- Born: 16 August 1979 (age 47) Northampton, England

= Jaime Halsey =

British trampoline gymnast

Jaime Halsey (née Moore; born 16 August 1979) is a British former Olympic trampolinist. She represented her nation at the 2000 Summer Olympics, the first time the event was recognised by the competition. After a twenty-year career, Moore retired from gymnastics in January 2010 to focus on coaching.

==Biography==
Northampton-born Moore started out, at the age of five, as a gymnast, and five years later she took up trampolining after discovering beach trampolines in Great Yarmouth, where her parents used to take her on holiday. She was spotted by Tracy Whittaker-Smith, the coach of Northamptonshire Trampoline Gymnastics Academy. Moore joined the Academy, and Whittaker-Smith went on to be her coach for her entire career.

It was not long until Moore entered her first competition, which she won.

Moore came to prominence in 1994, aged 14, by winning the synchronised competition at the World Age Games and finishing second at the European Youth Championships. Two years later, she won the individual and team events.

In 1999, she became British champion and finished ninth at the World Championships in South Africa. It won her country the first place at the 2000 Summer Olympics in Sydney. In Australia, she finished twelfth. Injuries prevented her from appearing at the 2004 Games in Athens.

In July 2005 Moore won her sixth national title, but her first since coming out of retirement.

Also in 2005, reacting to the news that London had won the bid to host the 2012 Summer Olympics, Moore said: "It's going to be really brilliant. The Olympics is the most amazing experience an athlete can have. To be part of it, especially in your home country, has got to be just incredible."

On 25 November 2005, Moore and Claire Wright won the British Championship title in synchronised trampolining.

In 2006, she missed out on obtaining the British senior title by just a tenth of a point to compatriot Claire Wright. She did, however, break her own record for difficulty, with a 13.1 total.

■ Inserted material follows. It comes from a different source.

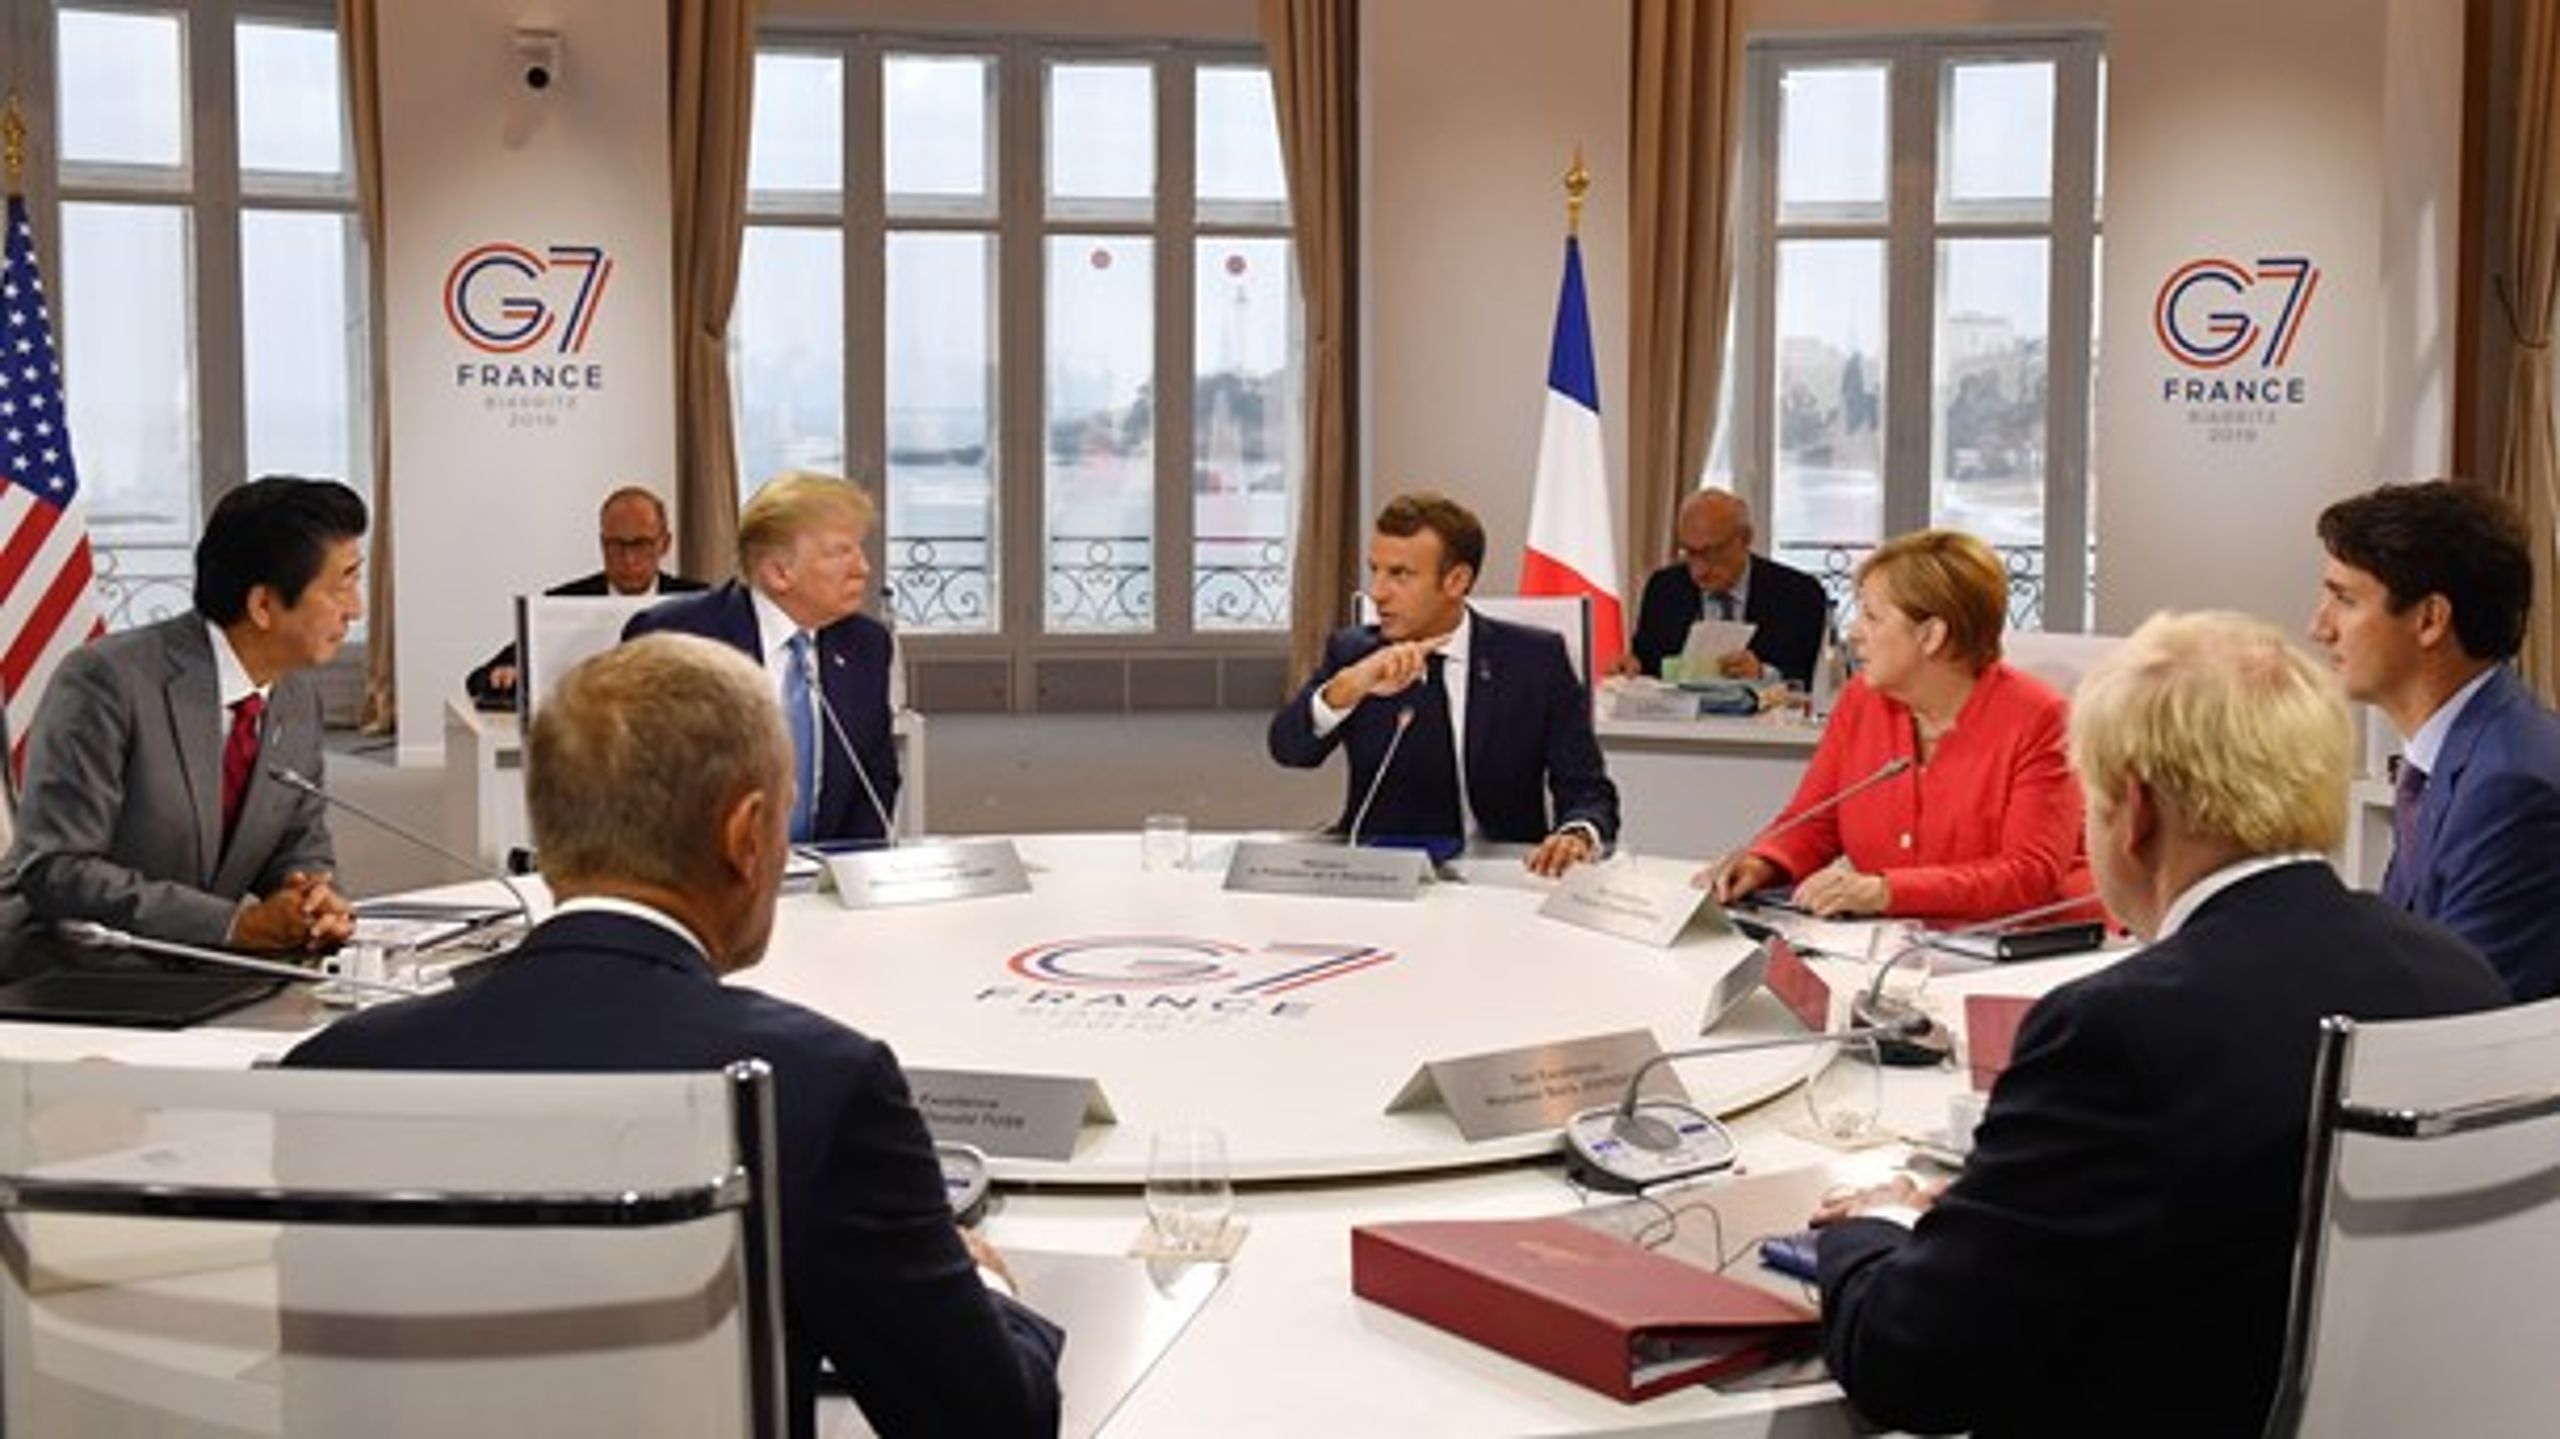 Det internationale samarbejde er under massivt pres overalt.&nbsp;Senest har&nbsp;selv G7 opgivet at lave en fælles udtalelse fra mødet i Frankrig, skriver Christian Friis Bach.
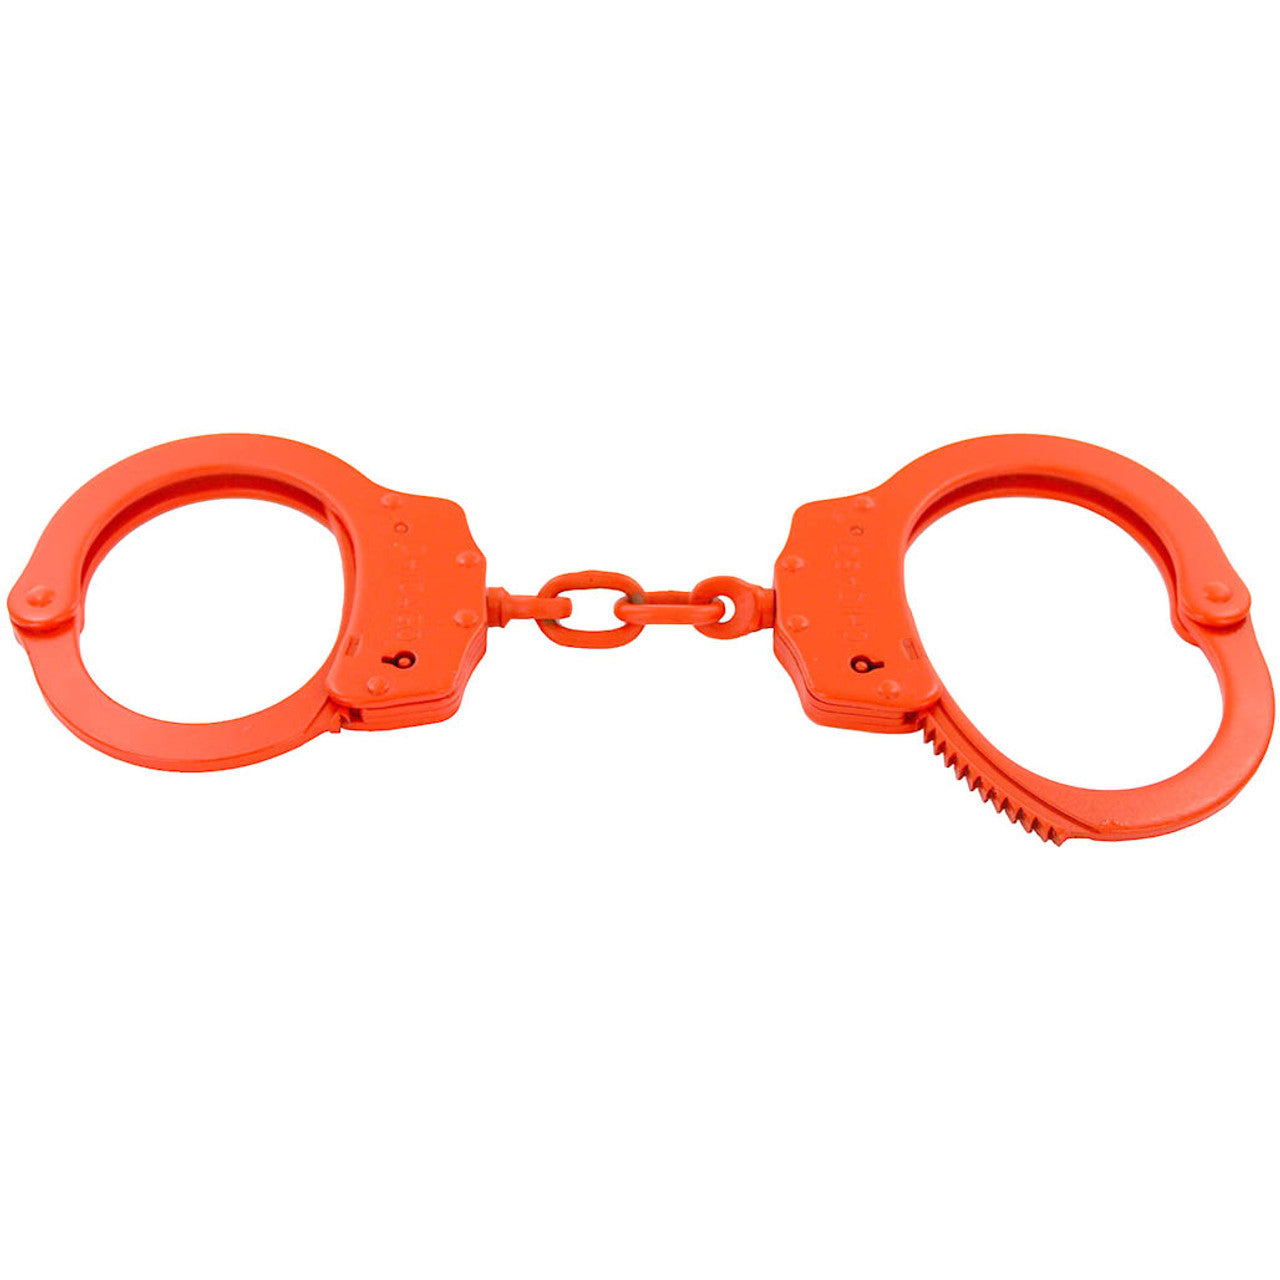 Chicago Double-Locking Handcuffs in Orange

Also in 2006, Moore attended the eighth FIG Trampoline and Tumbling World Cup final, which was held in Birmingham.

After winning Britain's place at the Beijing Olympics, Moore finished below Claire Wright in the European Championships and travelled to China as the reserve.

Moore continued to partake in top-level competitions, including finals at the British and European Championships, until 2008. Her final competition was the 2009 World Championships in Russia.

===Retirement===
Two years before the 2012 Summer Olympics in London, a 30-year-old Moore announced her retirement from gymnastics in order to concentrate on coaching.

===Media work===
In the early 1990s, Moore appeared in an episode of the British game show You Bet! in which the celebrity contestants had to predict whether or not the gymnast could perform a certain number of somersaults in an allotted timeframe.

In November 2000, Moore appeared on BBC One comedy sports quiz They Think It's All Over as a mystery guest in the Feel the Sportsman round.

==Personal life==
Moore married Steve Halsey in 2009. They have four daughters: Flo (born 2012) and triplets Eden, Amber and Erin (born 2015).